3. In the material and methods section, please, mention all the catalog numbers for all used kits and instruments.

Response : As a reviewer’s comment, we have added all the catalog numbers for all used kits and instruments in the materials and methods section on pages 2 and 3

 

4. * Line 96: exchange mouse cancer cell lines with melanoma cell lines.

  * Line 169: Please, mention the used antibodies and mention more details about the used technique.

Response : As a reviewer’s comment, we have exchanged melanoma cell lines and added more details about the used antibodies and technique in the material and methods section on pages 2-5.

 

5. I want to suggest the addition of Caspase 3, Ki67 and VEGF measurement to the western blot of knockout mice to measure the tumor aggressiveness.

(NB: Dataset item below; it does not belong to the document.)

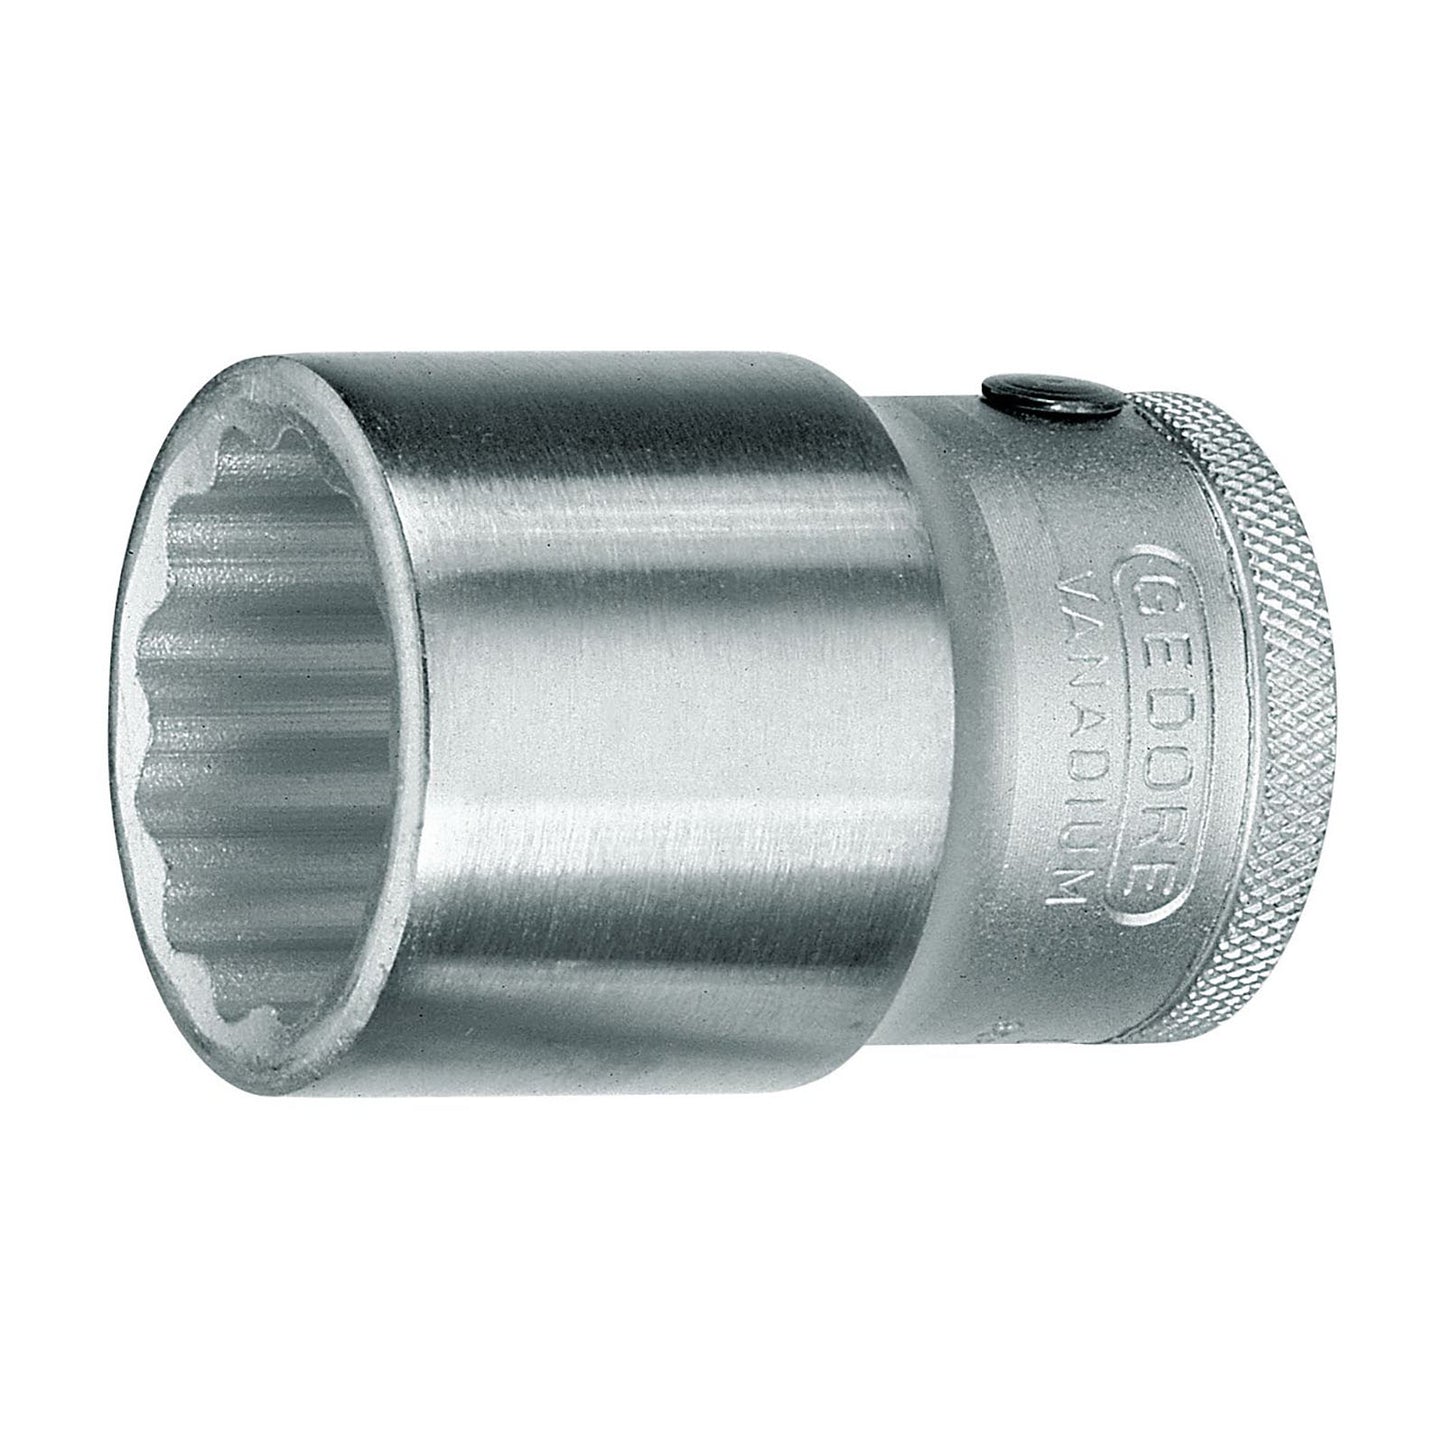 GEDORE D 32 30 - Vaso Unit Drive 3/4", 30 mm (6272670)
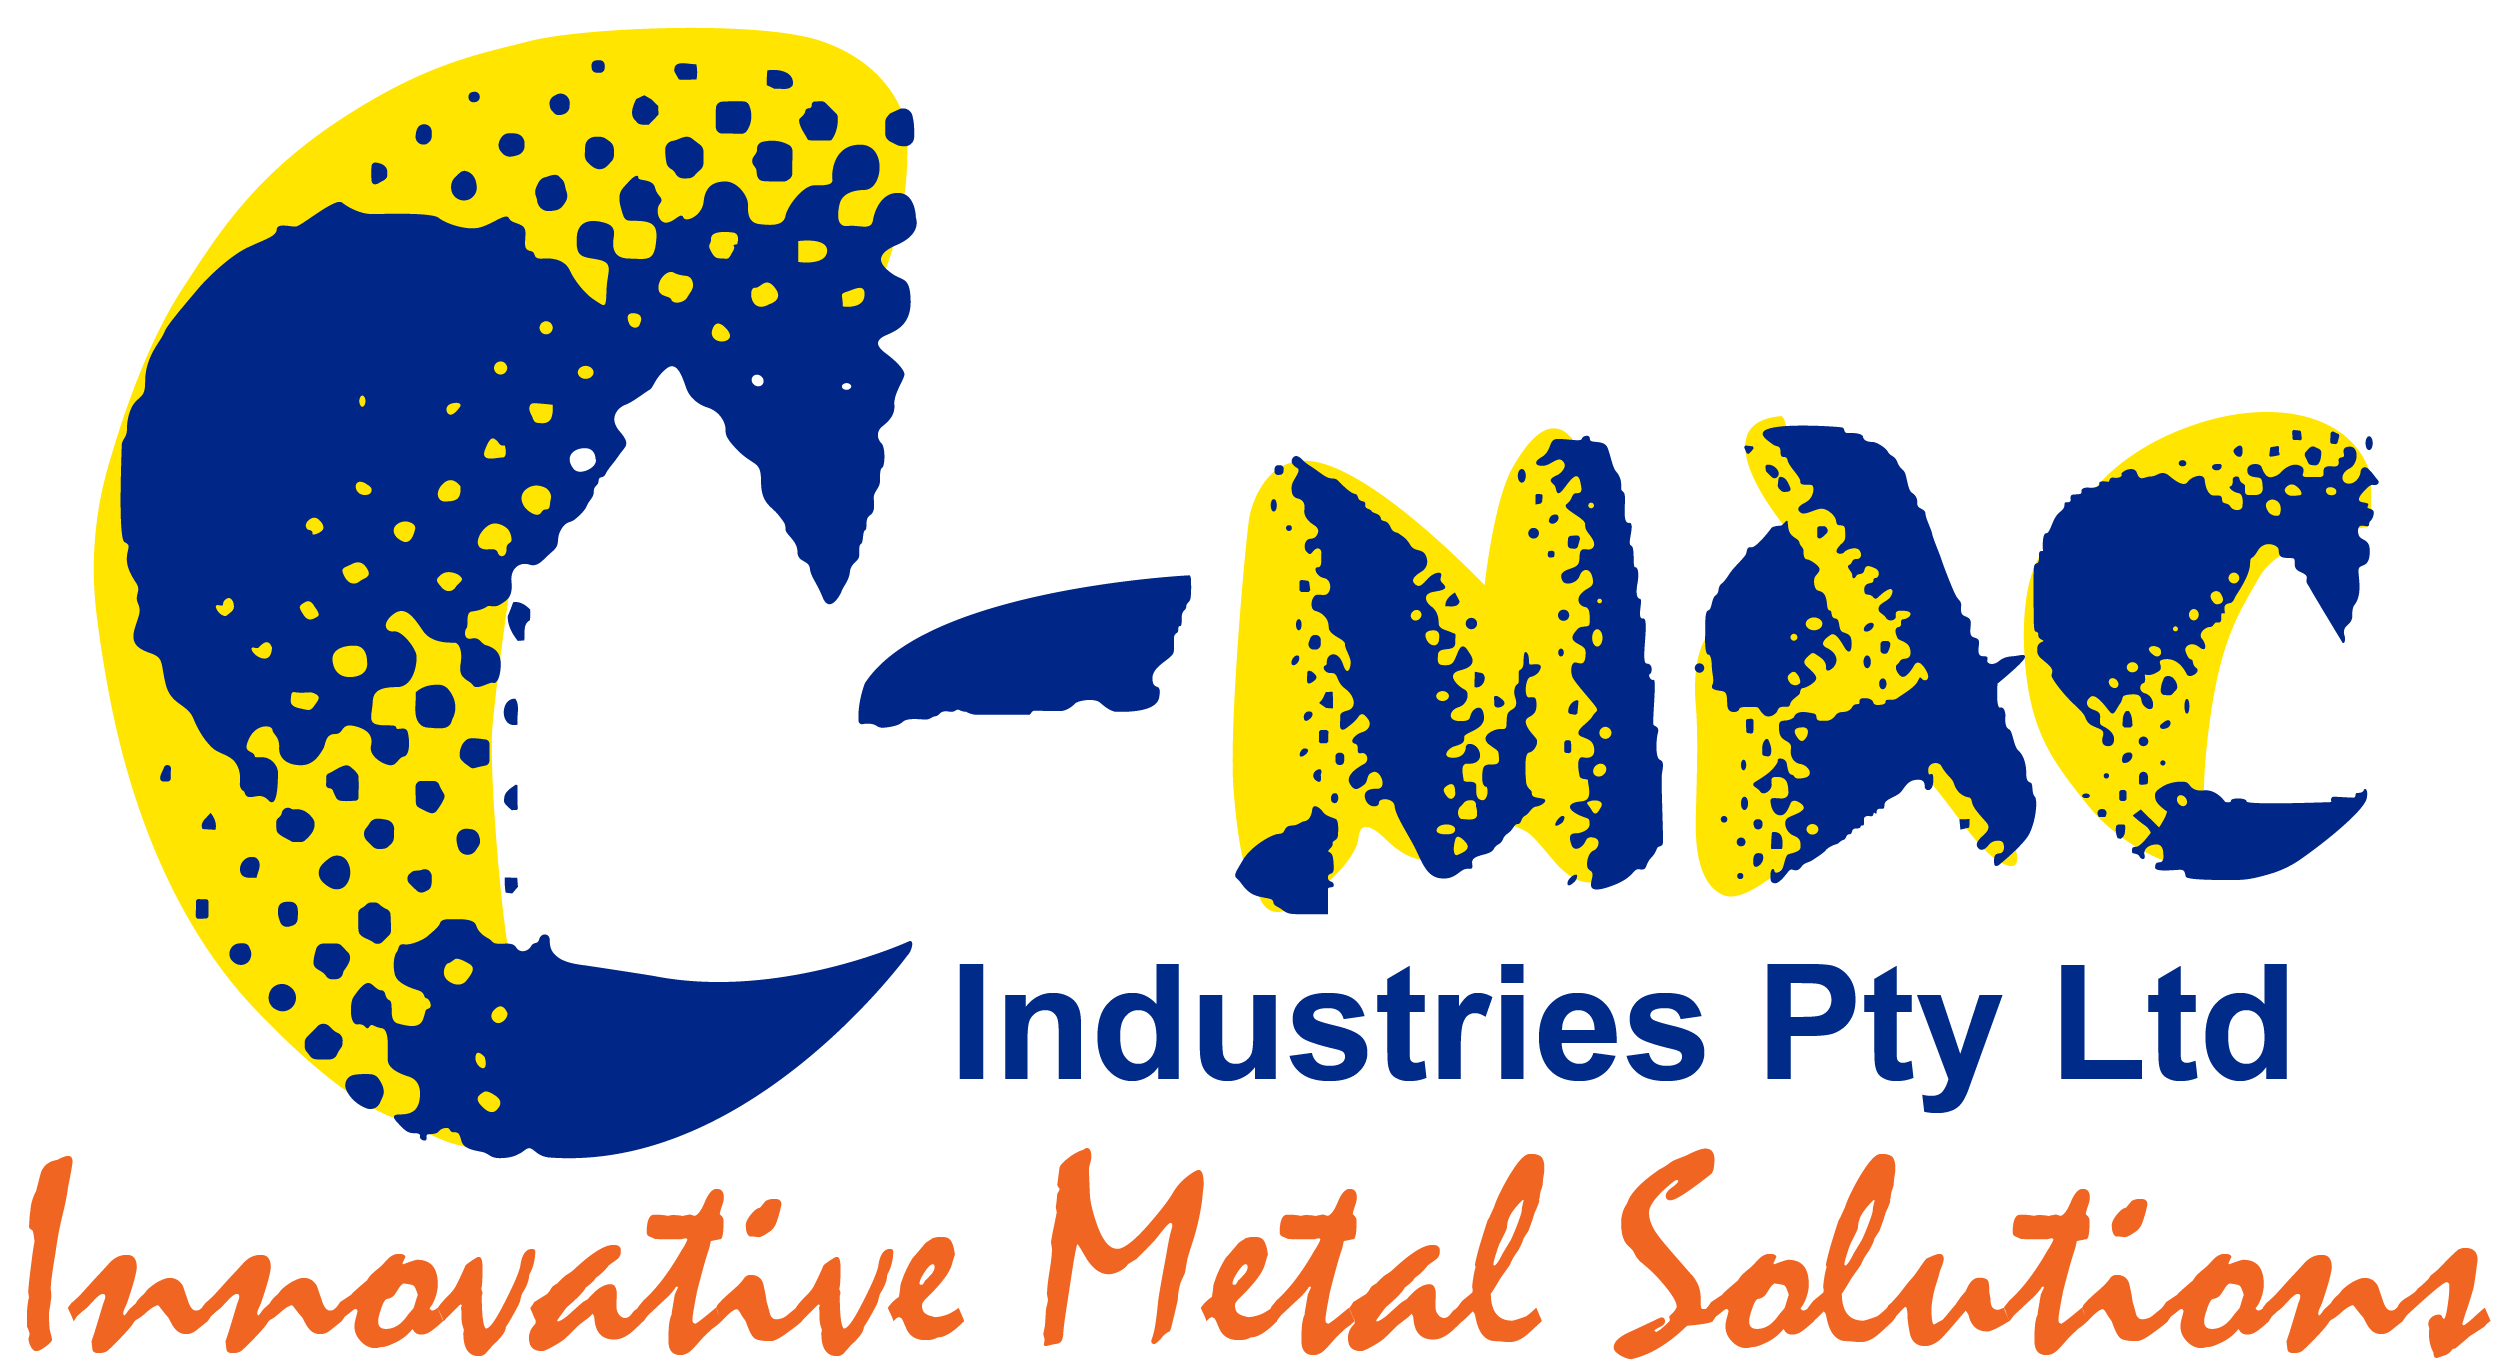 C-Mac Industries Pty Ltd logo

Response : We thank the reviewer for the valuable suggestion. We have shown the protein level of caspase 3, Ki67, and VEGF in tumor tissues from WT and KLK6 knockout mice (Figure S2). We have described the result on page 5.

Reviewer 2 Report

In this study the authors show the role of KLK6/PAR1 axis in tumour growth through macrophages-derived TNFα signalling. Using in vivo xenograft models and in vitro tumour-macrophage co-culture model, they show KLK6 knockout mice have slower tumour growth and metastasis. They also show KLK6 promotes TNFα secretion from macrophages via PAR1 in an autocrine manner as well as CXCL1 secretion from tumour cells. They finally prove that inhibition of PAR1 activity could rescue rKLK6 mediated tumour growth in vivo. 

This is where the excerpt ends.